The city's current mayor is Michelle Boileau.

Eight councillors serve with the mayor to complete the municipal government. Those eight councillors are elected to one of five areas of the city through a ward electoral system; rural parts of the city elect one councillor each, while the urban core of the city is in a multi-member ward that elects four councillors (through Plurality block voting). Councillors are elected to a four-year term.

Timmins City Council

Rock Whissell, Ward 1 Councillor
Lorne Feldman, Ward 2 Councillor
Bill Gvozcanovic, Ward 3 Councillor
John P. Curley, Ward 4 Councillor
Michelle Boileau, Ward 5 Councillor
Andrew Marks, Ward 5 Councillor
Kristin Murray, Ward 5 Councillor
Cory Robin, Ward 5 Councillor

Provincial 
The city was represented in the Legislative Assembly of Ontario by MPP Gilles Bisson from 1990 until 2022, when he was defeated by Pirie.

Federal 
The Member of Parliament for Timmins-James Bay is currently Charlie Angus.

Education

Postsecondary education
The two main postsecondary institutions in Timmins is Northern College, a College of Applied Arts and Technology and Collège Boréal, which also has a sister campus of Université de Hearst.

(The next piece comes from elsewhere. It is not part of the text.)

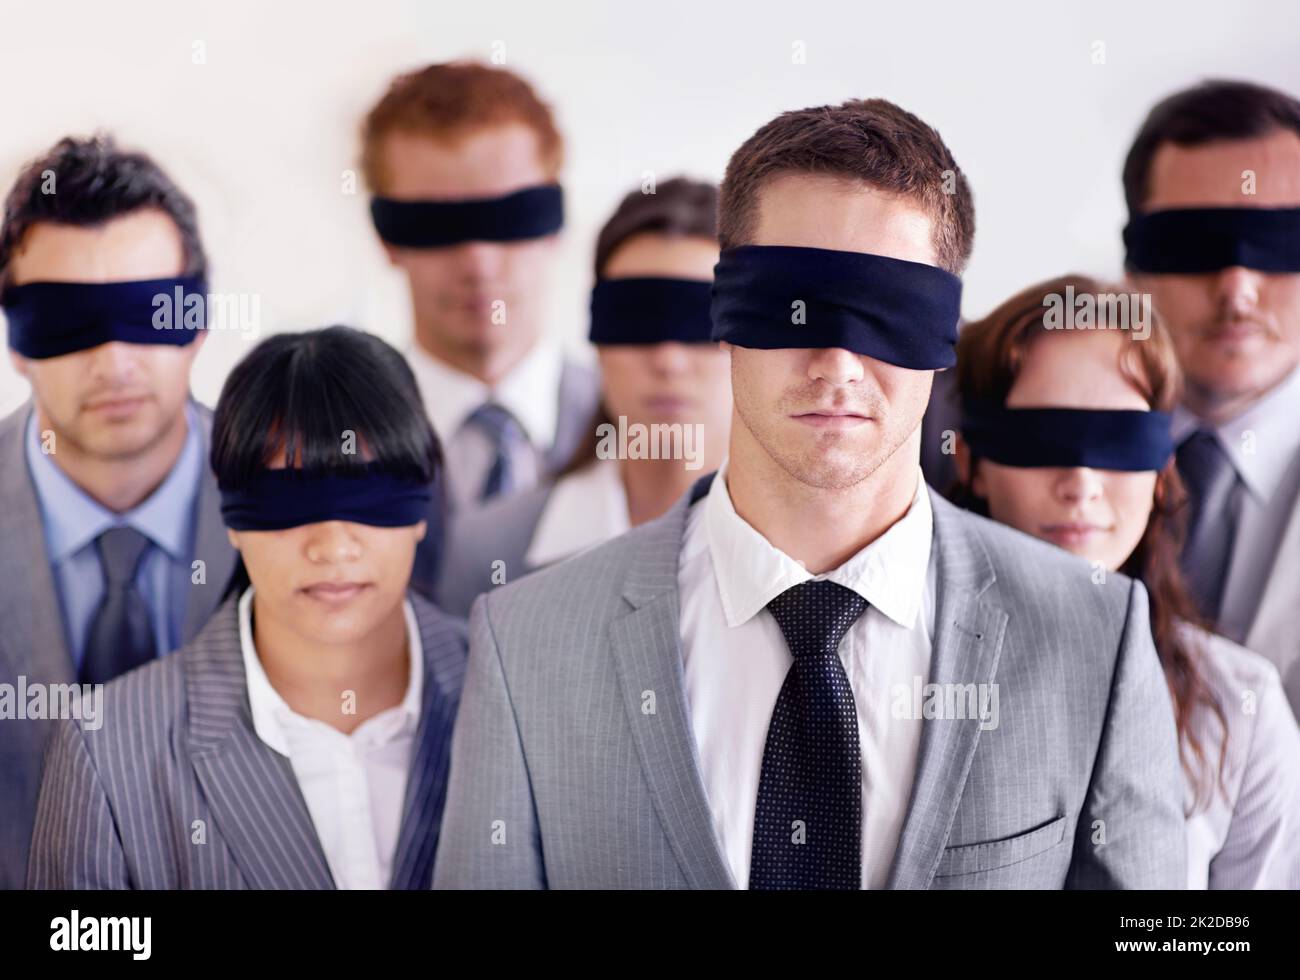 Staff training is paramount to a capable team. Shot of a group of businesspeople all wearing blinfolds. Stock Photo

Algoma University also offers degrees in Social Work and Community Development on the Northern College Campus in South Porcupine.

School boards
Four school boards serve the City of Timmins:
 District School Board Ontario North East
 Northeastern Catholic District School Board
 Conseil scolaire catholique de district des Grandes-Rivières
 Conseil scolaire de district du Nord-Est de l'Ontario

High schools
 O'Gorman High School
 École Publique Renaissance
 École secondaire catholique Thériault
 Timmins High and Vocational School
 Roland Michener Secondary School

Media

In 1952, broadcast pioneer J. Conrad Lavigne launched CFCL, the first French-language radio station in Ontario. Prior to the introduction of cable television to the Timmins area in the latter part of the 1970s, the city's available TV channels consisted of English-language channel 3 broadcast out of Sudbury and CFCL's channel 6 (in English) and channel 9 (in French) broadcast from CFCL's studio located at the north end of Pine Street.

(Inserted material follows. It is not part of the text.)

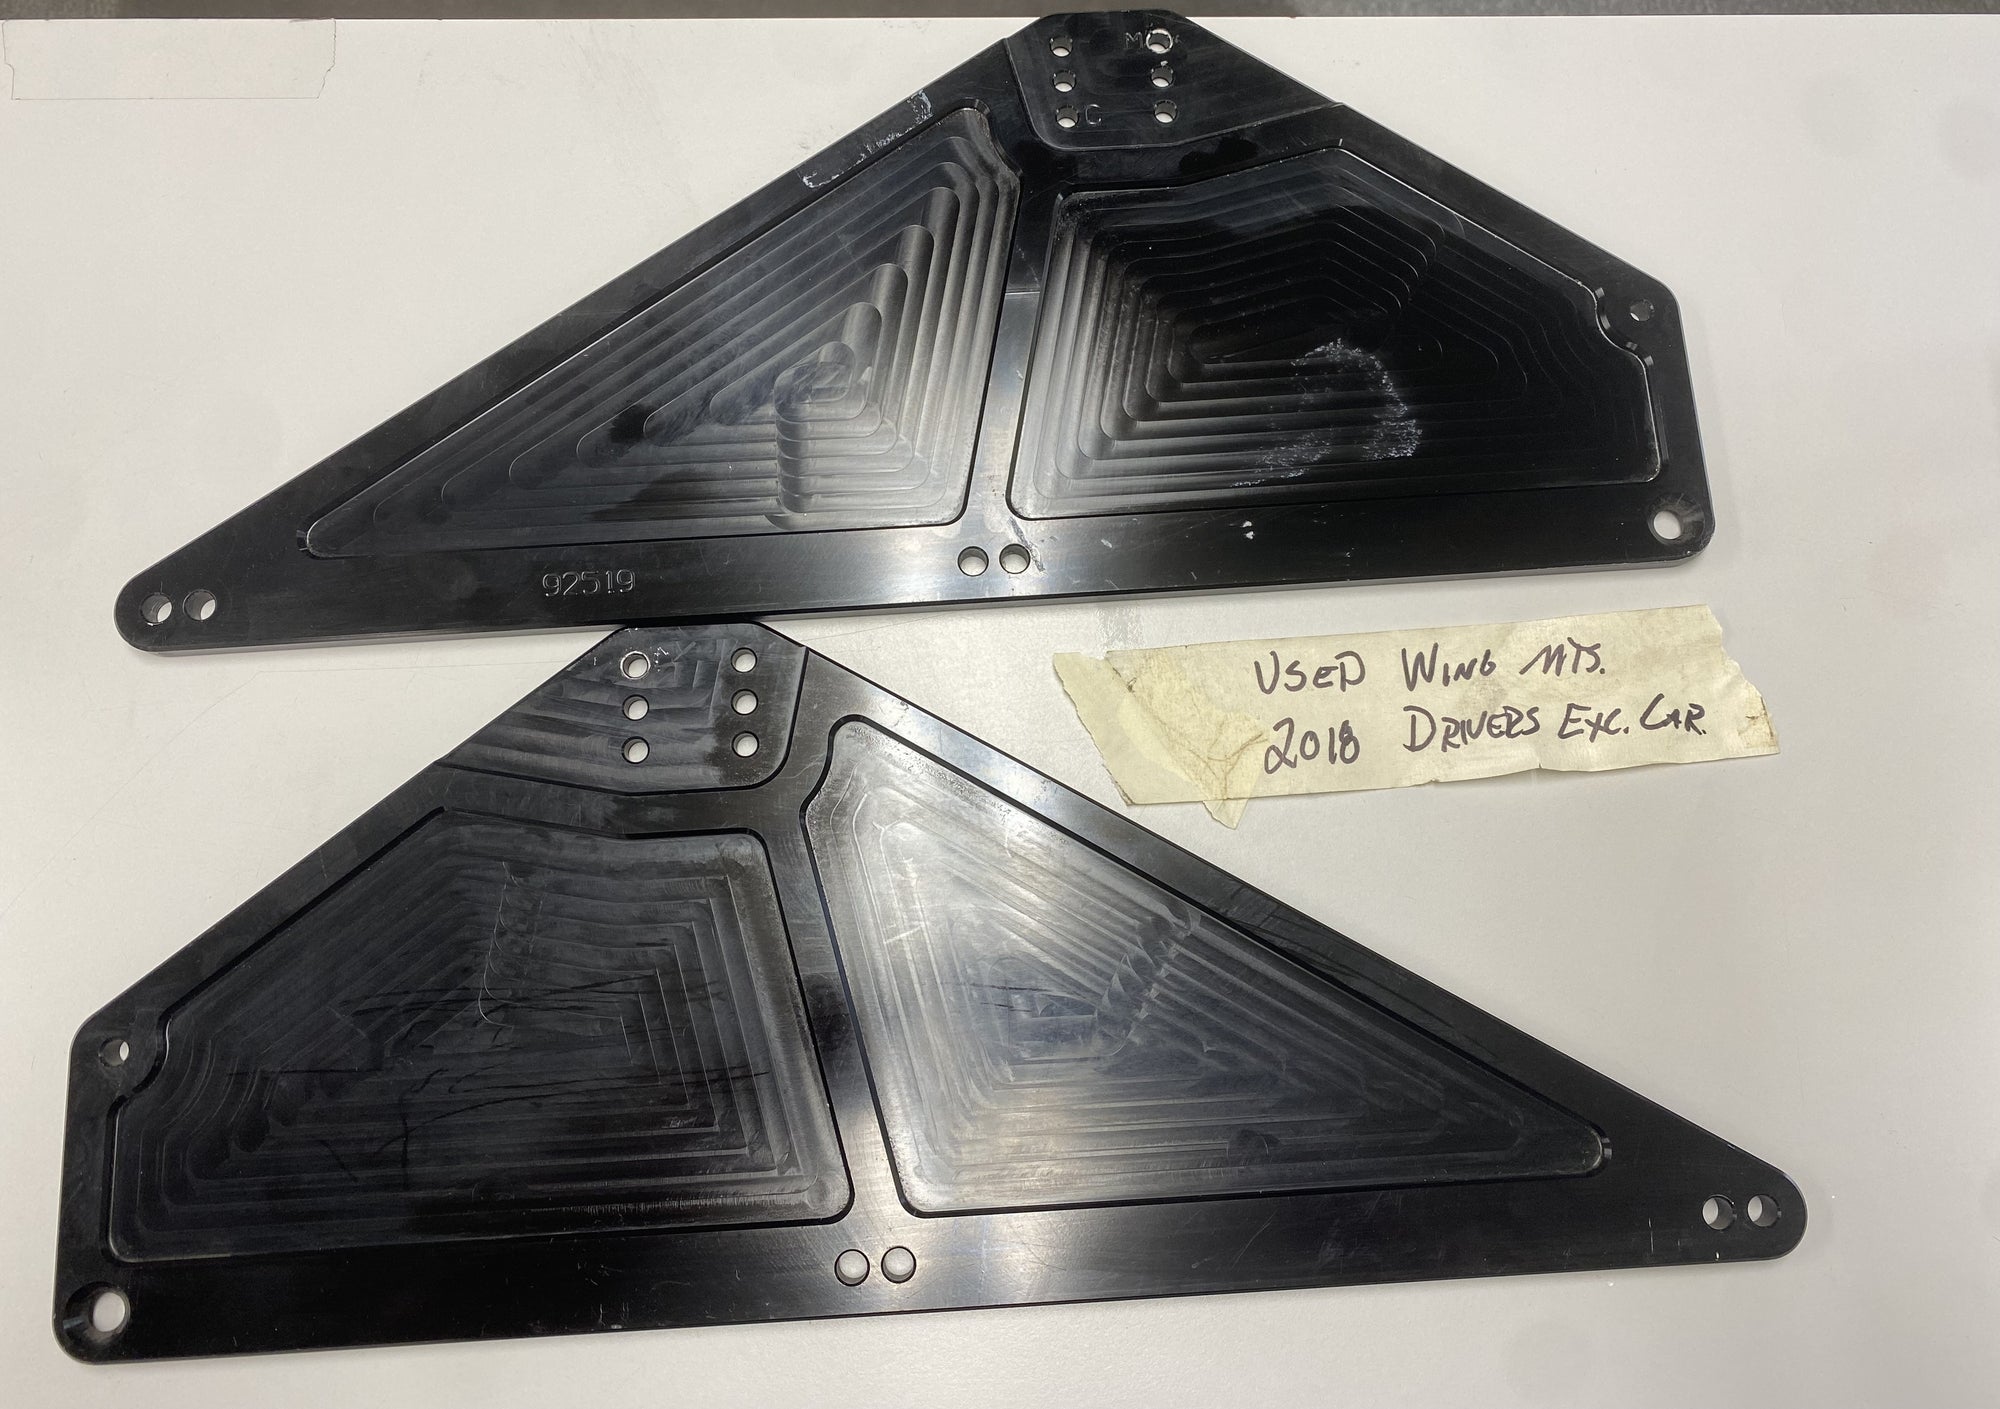 USED WING MOUNTS

The Timmins Daily Press is the main English publication, publishing six issues per week. Other French-language media include newspapers Le Voyageur and Le Journal L'Express de Timmins.

Healthcare
Timmins and District Hospital (TADH) is an accredited referral and teaching hospital that serves Timmins, Cochrane District, Temiskaming, Sudbury and Algoma Districts. Weeneebayko Area Health Authority also use TADH to transfer patients requiring more advanced care not available in their community health care centres.

The 134-bed hospital was formed in 1988 from the merger of St. Mary's General Hospital and Porcupine General Hospital, now Spruce Hill Lodge, a retirement home. The two former hospitals were replaced in 1996 and 1993, respectively, when the current site was built.

Sports

The Timmins Rock of the Northern Ontario Junior Hockey League represent Timmins in hockey. They are the city's junior A team. And their affiliate, Timmins Majors, of the Great North Midget League, are the Midget AAA team. They both play at the McIntyre Arena.

Jewish community 
From the foundation of the city, jewish emigrants, mostly from Russia and Eastern europe came to the town in order to work in the mines industry. at 1917 Rabbi Yaakov schulman arrived in the city and was incharge of religious needs, such as Kosher meet. In 1925 there were 200 jews living in the city. In that year the jewish community was officially astablished. the community was not issolated and maintained good relationship's with non-jews, especially emigrants from Russia and Eastern europe, who spoke the same languages they did. Only in the 1930's actual community Institutes were built, such as a synagouge and a school. 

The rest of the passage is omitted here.